In `@python/cuopt/cuopt/tests/linear_programming/grpc_server_fixtures.py`:
- Around line 115-122: Update stop_grpc_server to avoid signaling a process that
already exited: check proc.poll() first and if it is not None just call
proc.wait() (or reap exit code) instead of proc.send_signal(signal.SIGTERM);
only call proc.send_signal(signal.SIGTERM) and the subsequent
proc.wait(timeout=5)/proc.kill() logic when proc.poll() returns None (process
still running). Ensure the function references proc.poll, proc.send_signal,
proc.wait, and proc.kill as described so teardown won't convert a test crash
into a teardown error.
- Around line 82-100: The start_grpc_server function launches cuopt_grpc_server
with the inherited environment; call the test helper cpu_only_env() to get the
sanitized environment, pass it into subprocess.Popen via the env=... parameter,
and return the proc and the env tuple as the docstring promises; update the
Popen call in start_grpc_server (which locates the binary via find_grpc_server)
to include env=cpu_only_env() (store it in a variable like env) and return
(proc, env).

In `@python/cuopt/cuopt/tests/linear_programming/test_grpc_client.py`:
- Around line 41-168: The tests only cover happy paths; add non-happy-path unit
tests in python/cuopt/cuopt/tests/linear_programming/test_grpc_client.py that
exercise client.delete, client.result, and client.logs for error scenarios: (1)
submit jobs that produce infeasible/unbounded/empty outcomes (use or create
small problems analogous to _demo_lp_problem/_MIP_NAMES) and assert
result()/logs() return appropriate errors or None and JobStatus reflects
INFEASIBLE/UNBOUNDED/etc, (2) test deleting a job while it is JobStatus.QUEUED
and while JobStatus.PROCESSING then assert subsequent result(job_id, ...) and
logs(job_id) raise the expected errors or return None, (3) call
client.result/client.logs after client.delete and assert proper error behavior,
and (4) add tests for invalid job_id and unreachable server (e.g., use a bad
port or mock Client to simulate connection failure) asserting the client raises
the expected exceptions; reference existing symbols Client, job_id,
client.submit, client.delete, client.result, client.logs,
client.start_log_stream, client.start_incumbent_stream, JobStatus, and
JobNotReadyError to locate where to add these cases.

---

Nitpick comments:
In `@cpp/include/cuopt/grpc/cython_grpc_client.hpp`:
- Around line 138-143: The doc comment for fetch_incumbents is incorrect: it
does not poll until job completion but performs a single paginated fetch using
the supplied from_index and max_count and returns a grpc_incumbents_result_t
that includes next_index and job_complete flags; update the comment on
fetch_incumbents to state it issues one GetIncumbents RPC call that returns up
to max_count incumbents starting at from_index and indicates the next_index to
continue pagination and whether the job is complete so callers (e.g., the Cython
layer) must loop if they want to poll to completion.

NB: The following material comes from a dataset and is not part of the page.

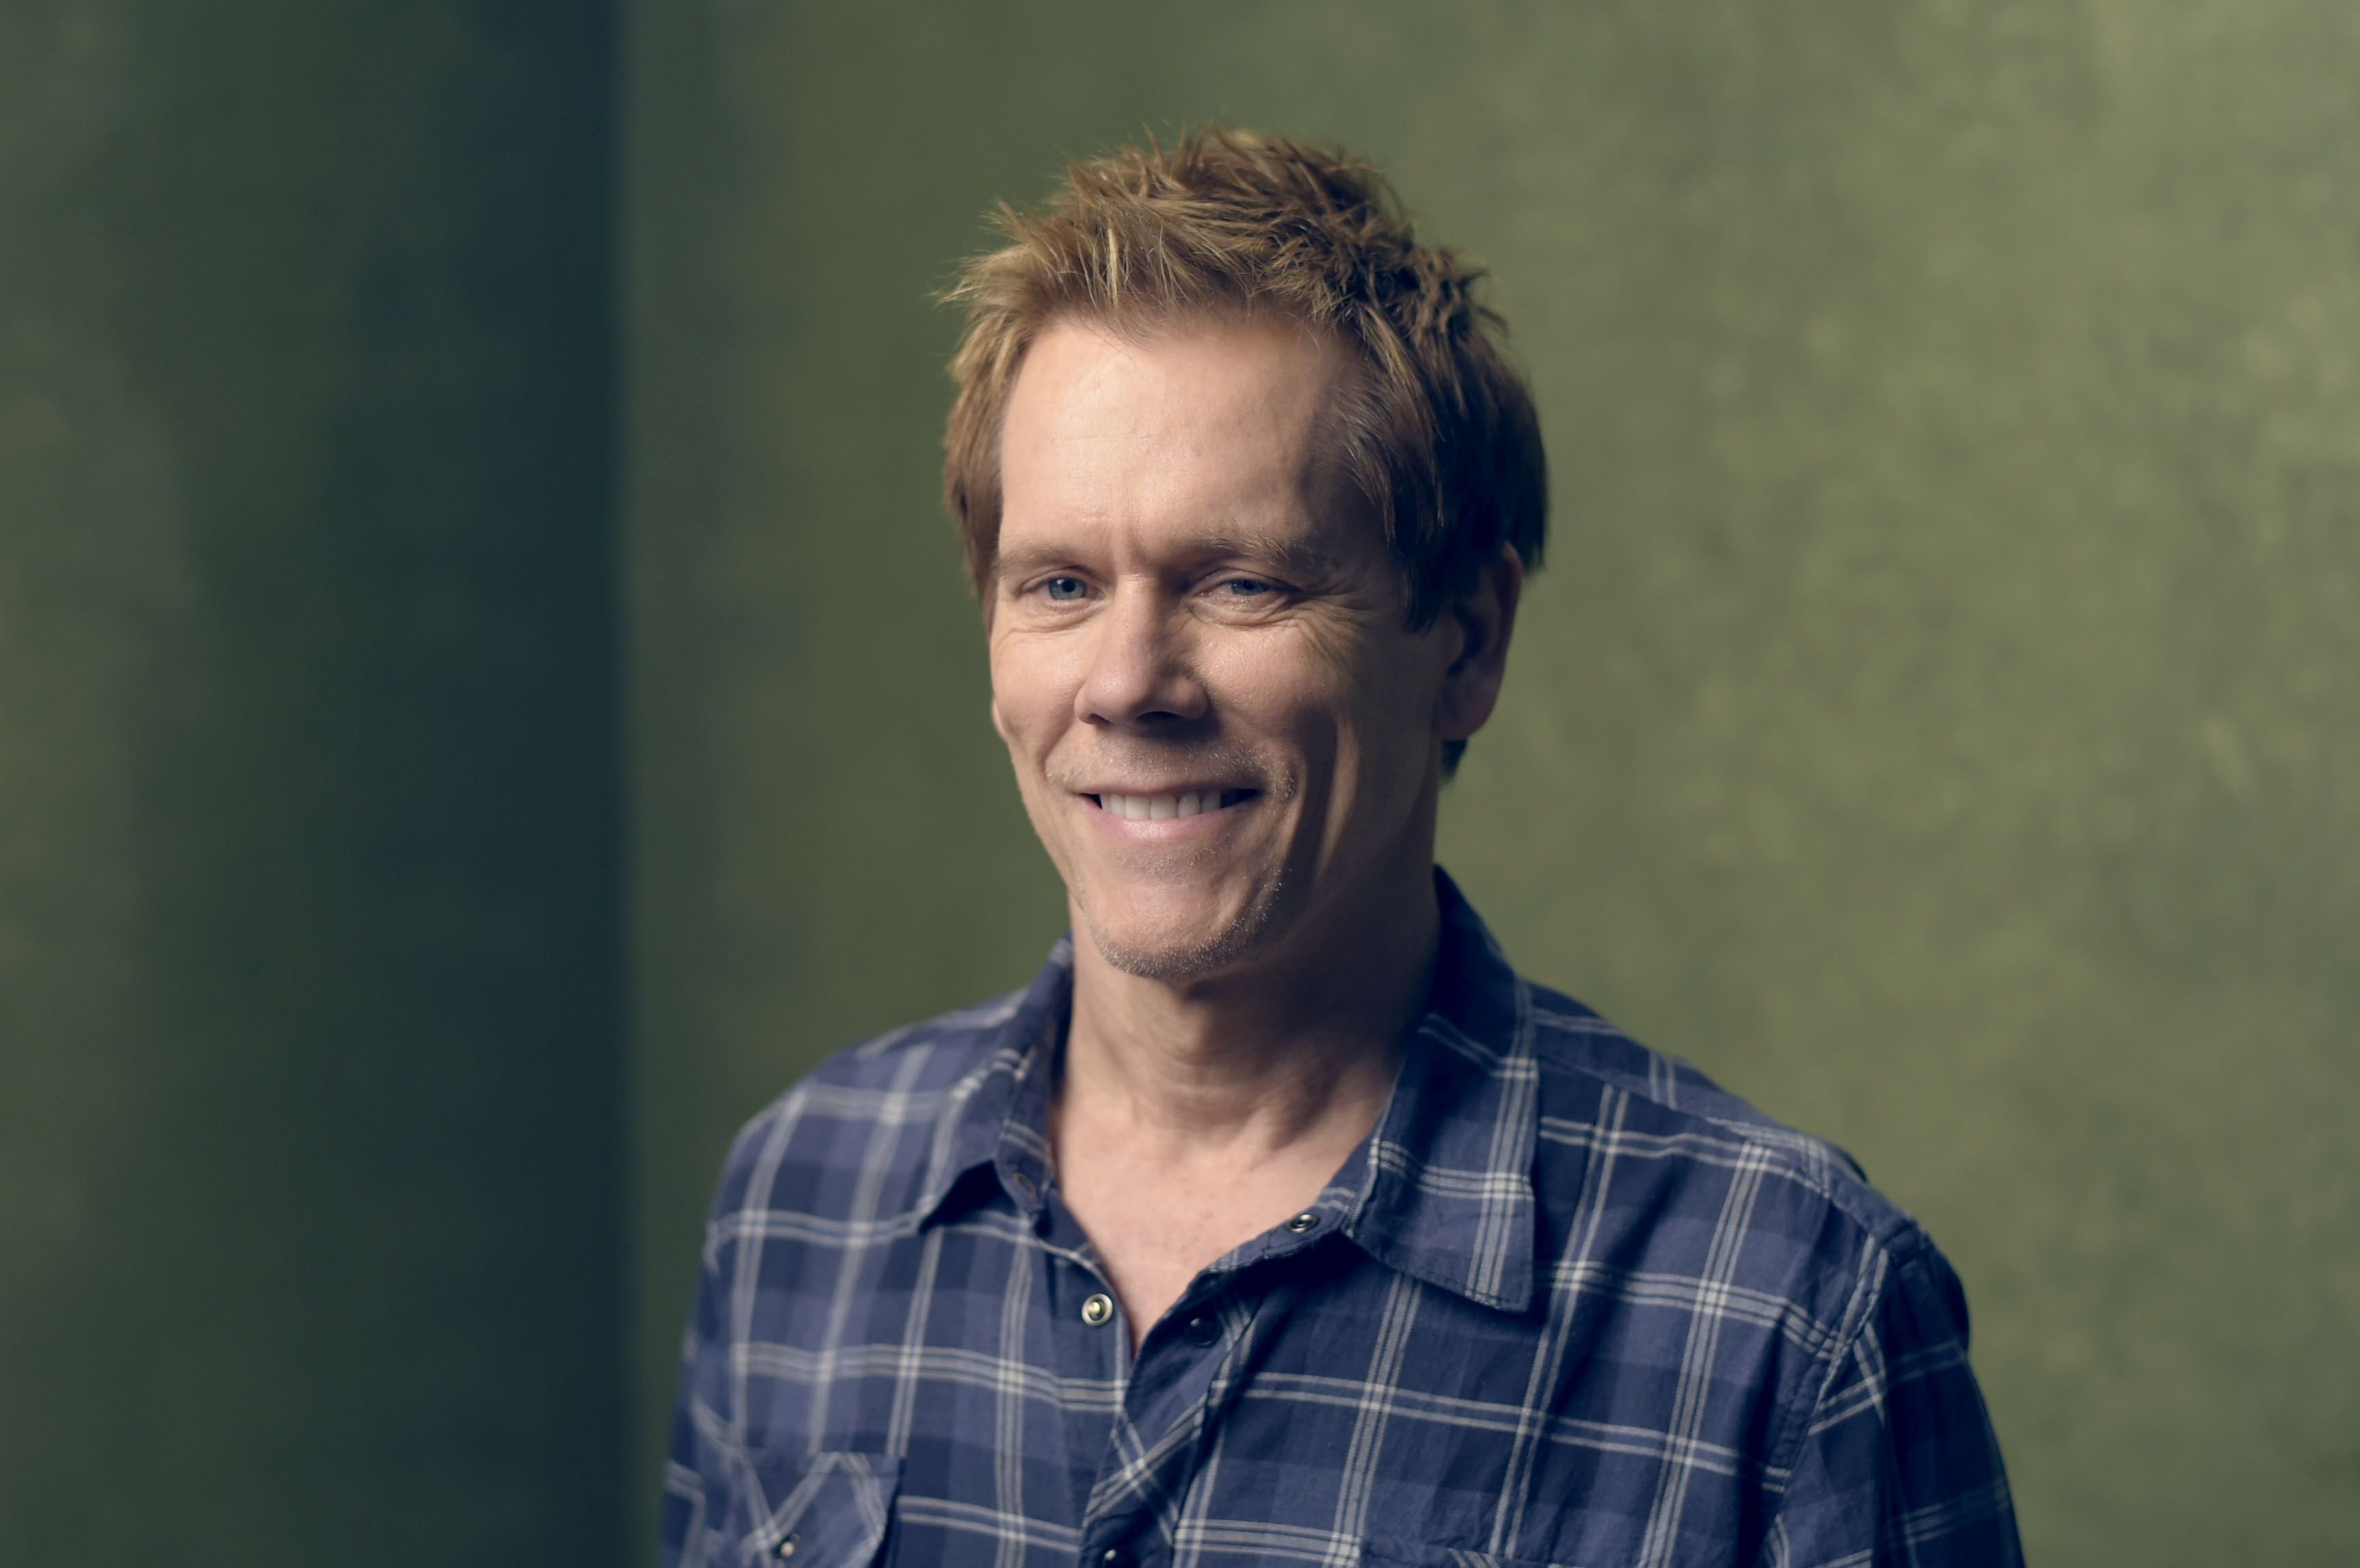 Actor Kevin Bacon from "Cop Car" poses for a portrait at the Village at the Lift Presented by McDonald's McCafe during the 2015 Sundance Film Festival on January 24, 2015 | Photo: Getty Images

In `@python/cuopt/cuopt/tests/linear_programming/test_grpc_client.py`:
- Around line 27-38: The _poll_until_complete helper mixes status checks and
result() availability which can lead to racey, non-deterministic tests; update
it to rely solely on client.status (or replace its usage with client.wait) so
state transitions are the single source of truth. Specifically, change the logic
in _poll_until_complete to remove the client.result(job_id, names) check and
only return based on client.status(job_id) and JobStatus values (or call
client.wait(job_id, timeout) from tests instead of _poll_until_complete) to
match the C++ wait() behavior and avoid race conditions.
- Around line 109-124: In test_mip_submit_and_result, after obtaining solution =
client.result(job_id, _MIP_NAMES) and asserting the objective, also validate
that the decision variables x and y are integer-valued: extract the primal
values for "x" and "y" from the solution (use the existing solution API such as
solution.get_primal_value("x") / solution.get_primal_value("y") or the
equivalent accessor used elsewhere), and assert each is integer within a small
tolerance (e.g., assert abs(val - round(val)) < 1e-6 or compare to
pytest.approx(round(val))). Keep these checks immediately after the objective
assertion and before client.delete(job_id).
- Around line 70-92: The test currently only compares received vs bulk logs
length and doesn't verify whether live streaming supplied any lines; after
calling client.join_log_stream(job_id) capture its return value (the state dict
returned by join_log_stream) and assert that the "live_lines" count is > 0 (and
optionally that "backfilled" is False if you want to ensure no backfill was
required) to ensure start_log_stream actually streamed messages; modify
test_submit_with_log_stream to store the result of join_log_stream and add an
assertion on state["live_lines"] > 0 (referencing test_submit_with_log_stream,
client.start_log_stream, client.join_log_stream and the
"live_lines"/"backfilled" keys).
- Around line 126-168: The test_mip_incumbent_stream currently only asserts that
incumbents were received; update it to validate incumbent quality by (1)
inspecting collector.entries (populated by IncumbentCollector.get_solution) to
ensure the reported costs form a non-increasing sequence (monotonic improvement
for MAXIMIZE or non-decreasing for MINIMIZE), (2) compare the best incumbent
cost from collector.entries to the final solution objective returned by
client.result(job_id, _MIP_NAMES) to ensure they match (within a small numeric
tolerance), and (3) verify that the variable assignments in the final solution
equal the variable values in the best incumbent entry (or are consistent within
tolerance). Use client.incumbents(job_id) and collector.entries to find the best
incumbent and perform numeric comparisons rather than just asserting presence.
🪄 Autofix (Beta)

Fix all unresolved CodeRabbit comments on this PR:

  • Push a commit to this branch (recommended)
  • Create a new PR with the fixes

ℹ️ Review info
⚙️ Run configuration

Configuration used: Path: .coderabbit.yaml

Review profile: CHILL

Plan: Enterprise

Run ID: 2d3732be-cc10-45f1-96b4-5aba3dad083c

📥 Commits

Reviewing files that changed from the base of the PR and between 1ec39b3 and 22d7297.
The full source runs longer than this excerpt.